Jairam Nathan - Sidoti

Okay. And, as a follow-up just on gross margin side, with the divestiture of the video camera business, how should we, what are your gross margin targets now compared to -- we're talking about 40% of $90 million kind of a thing. So can you kind of bridge that?

Jeff Jones

Sure, Jairam. In association with our release on the sale of electronics division, we did update our financial model. And at $60 million, this was low end of our model. We’ve got gross margin at 35% Jairam. At $75 million, the gross margin grows to 38%. At $90 million per quarter, we’ve got a gross margin of 41%. So that’s been updated. That excludes the electronics division impact.

Jairam Nathan - Sidoti

And lastly just on the OpEx with the 20 -- again excluding the electronics, can you just update us on what we should expect as far as $23 million. Is that $22 million, $23 million, is that pretty good run rate, going forward?

Jeff Jones

Certainly for the next quarter through the year. Again on our quarterly financial model, the modeling operating expenses at $85 million to $90 million, we expect to hit about $22.5 million to $23 million. So we're right in that range. I would model $23 million for the next two quarters, Q3 and Q4.

Jairam Nathan - Sidoti

Okay. And my last question here is on the BMS business. What’s a breakeven level now? Like what would be the breakeven level once you are done with the restructuring of the German operations?

James Donahue

It would be $19 million to $20 million.


(Operator Instructions). One moment please while we continue to poll for questions. Our next question is coming from the line of Dick Ryan with Dougherty. Your line is now open. You may proceed with your question.

Dick Ryan - Dougherty

Jeff, with your new model, it looks like Q3 a little bit lighter than you just kind of gave the breakdown for. Is this primarily due to getting some of these initial products out the door or are there other reasons for that?

Jeff Jones

That is part of the reason absolutely that we need to complete the manufacturing transition as well, which will take us through the end of the year. We will get through this initial production runs, stabilized supply chain and can produce the systems and volumes. So those are the reasons.

Dick Ryan - Dougherty

Jim, you talked about good order activity in the backend for the eight months of the year so far. Can you give a sense of what this might mean, if you can give us an initial look for the December quarter?

James Donahue

You mean the September quarter or do you mean.

Dick Ryan - Dougherty

Just seeing if you'll give any commentary, what you might think of the December quarter as well.

James Donahue

Well, as you know, this is a short sight, limited visibility, inherently volatile business and that’s why we have never provided a guidance. I don’t think, I don’t know -- certainly not many backend equipment companies do that, because we just have such a limited visibility. I would say equipment utilization increased to the 85% level in Q2, that’s a very healthy level historically. So we're glad to see that range. And I will tell you that third quarter orders are off to strong start


Thank you. Our next question is coming from the line of Kim Donavan with Needham. Your line is now open. You may proceed with your question.

Kim Donovan - Needham

My question is how do you see gross margin trending with the transition with the manufacturing to Malaysia? Do you have any color on that?

Jeff Jones

Once the manufacturing transition is complete, we should be providing results in line with our financial model that we’ve published and again at a revenue level of 90 million or more, we're expecting gross margin of approximately 41%, delivering operating income of 15% or higher.

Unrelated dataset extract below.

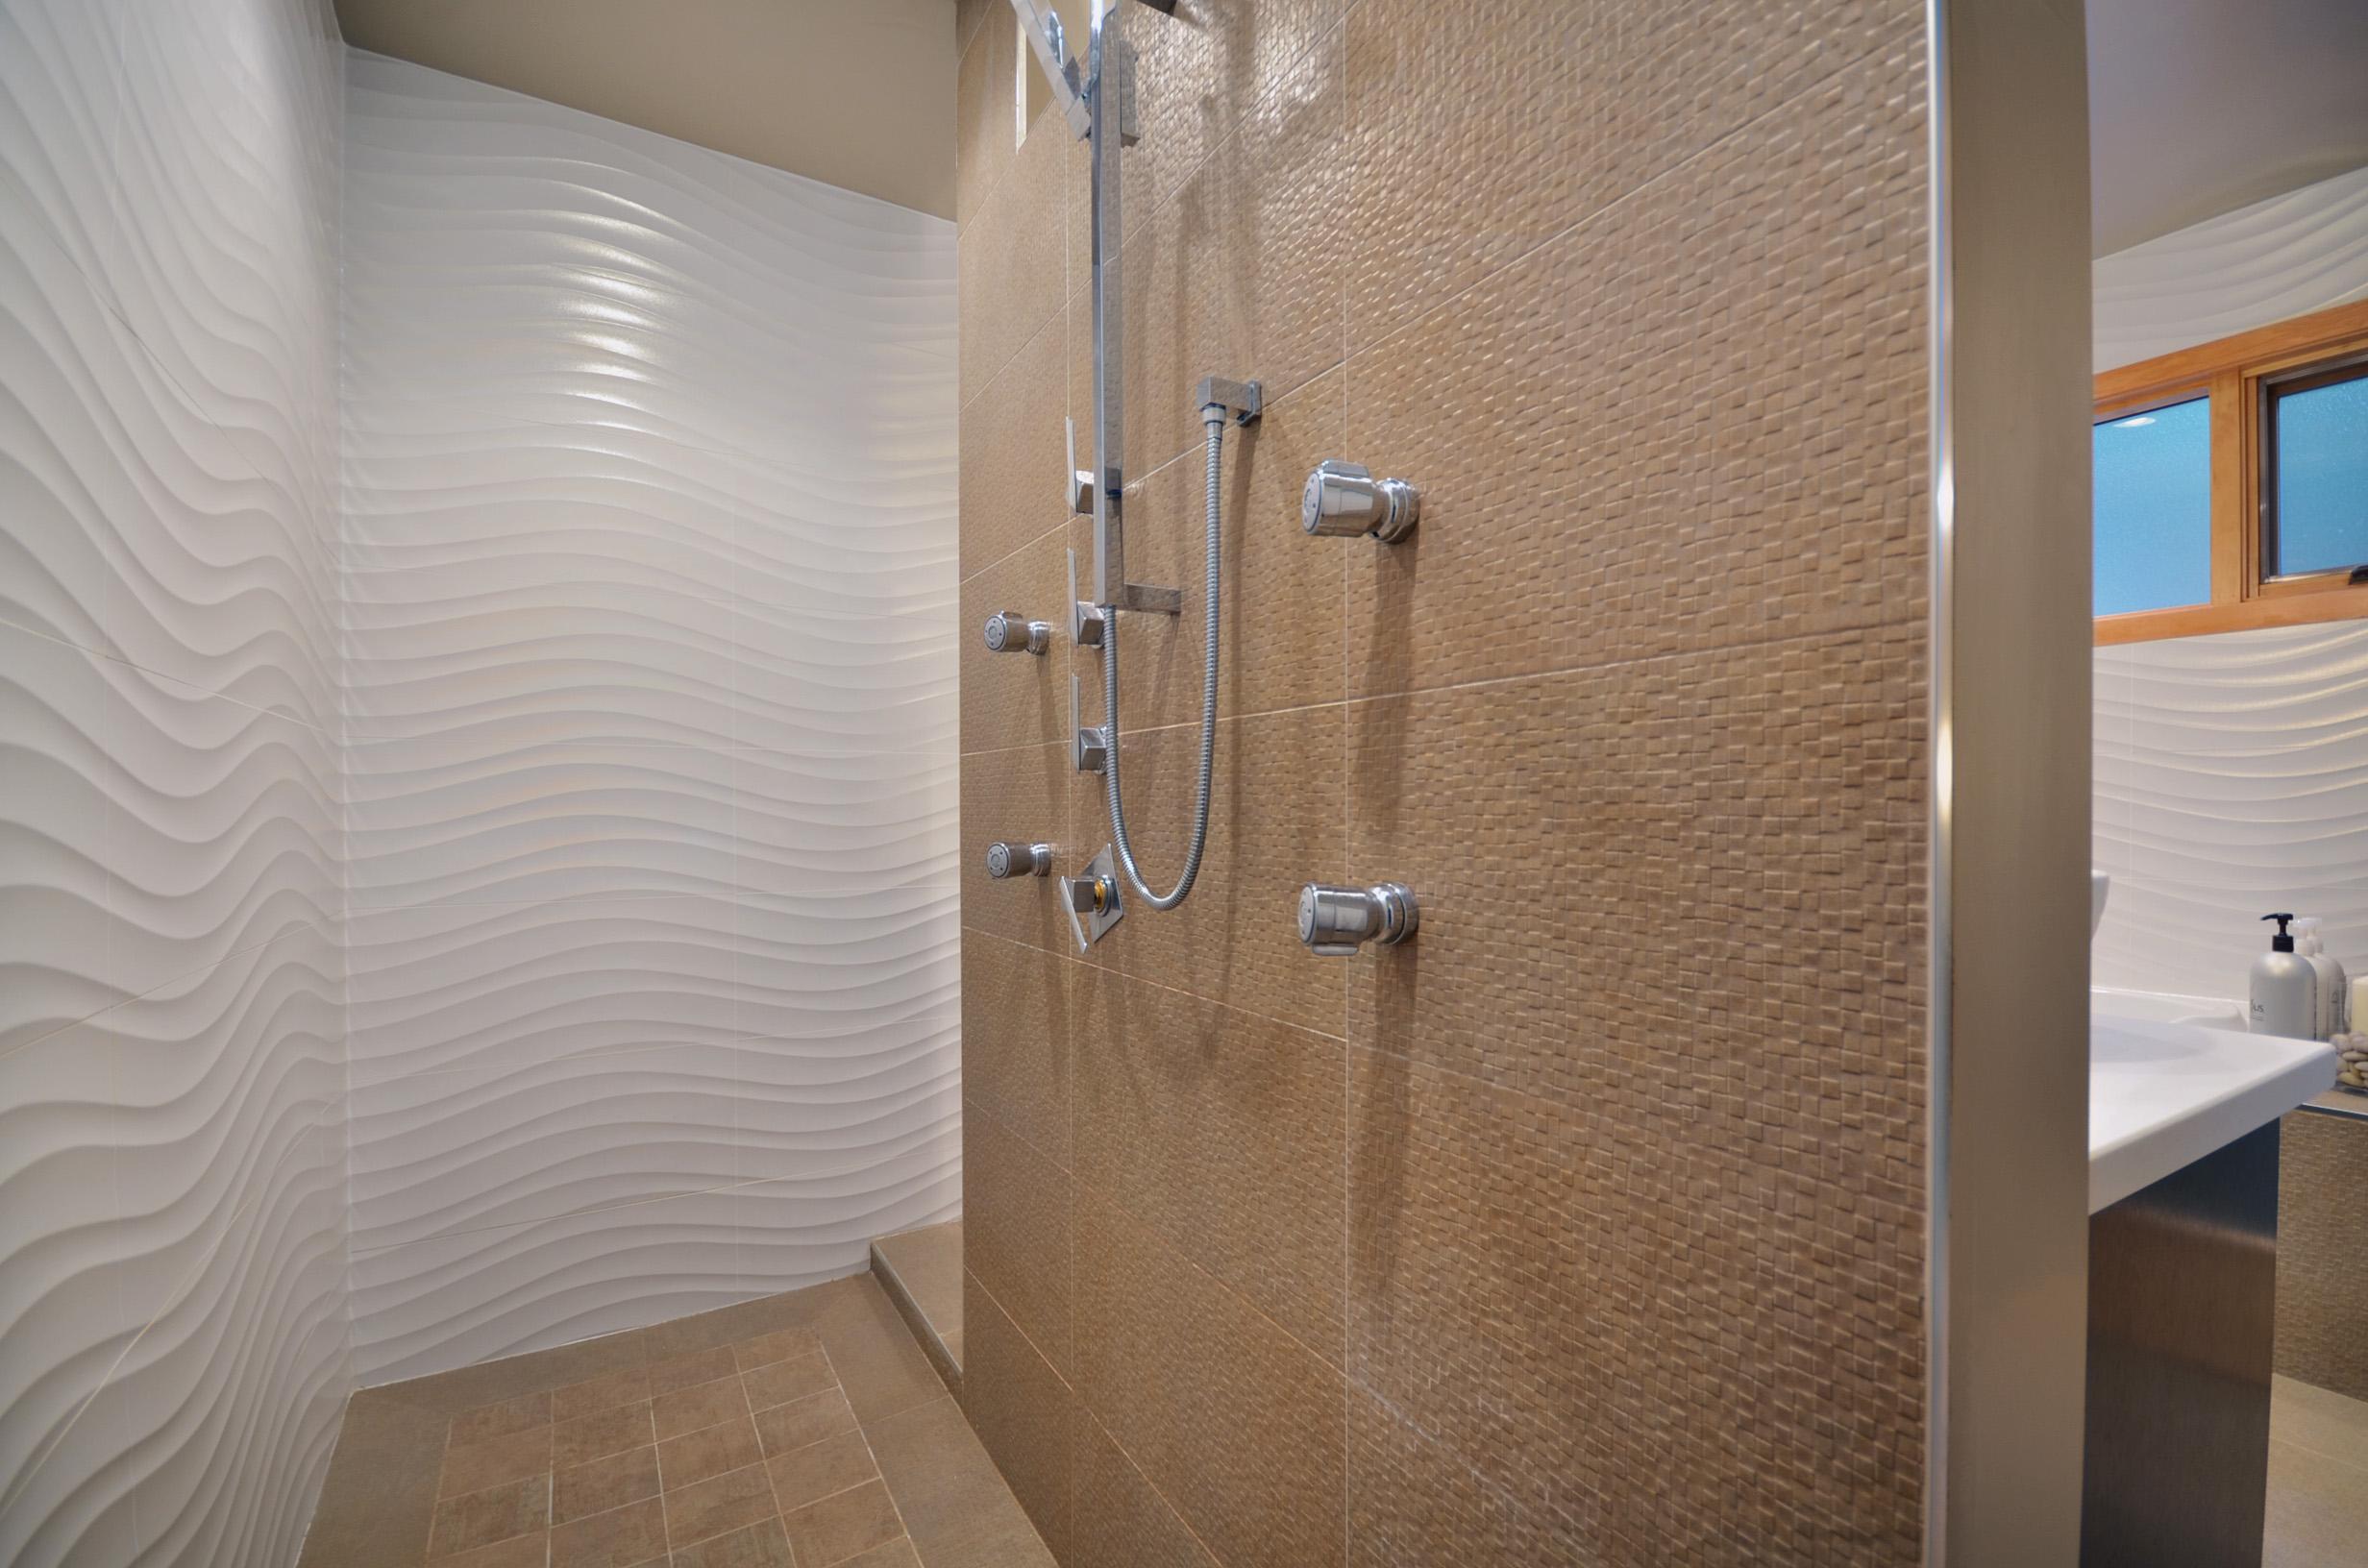 Stunning 10 images walk thru shower house plans 87832 for Walk through shower plans

Thank you. At this time, there are no further questions. I'd like to pass the floor back over to management team for closing comments.

James Donahue

Thank you for joining us on our call today, and we look forward to speaking to you in October when we report Cohu’s third quarter 2014 results. Thank you, and good day.


Ladies and gentlemen, this does conclude today's teleconference. You may disconnect your lines at this time. Thank you for your participation and have a wonderful afternoon.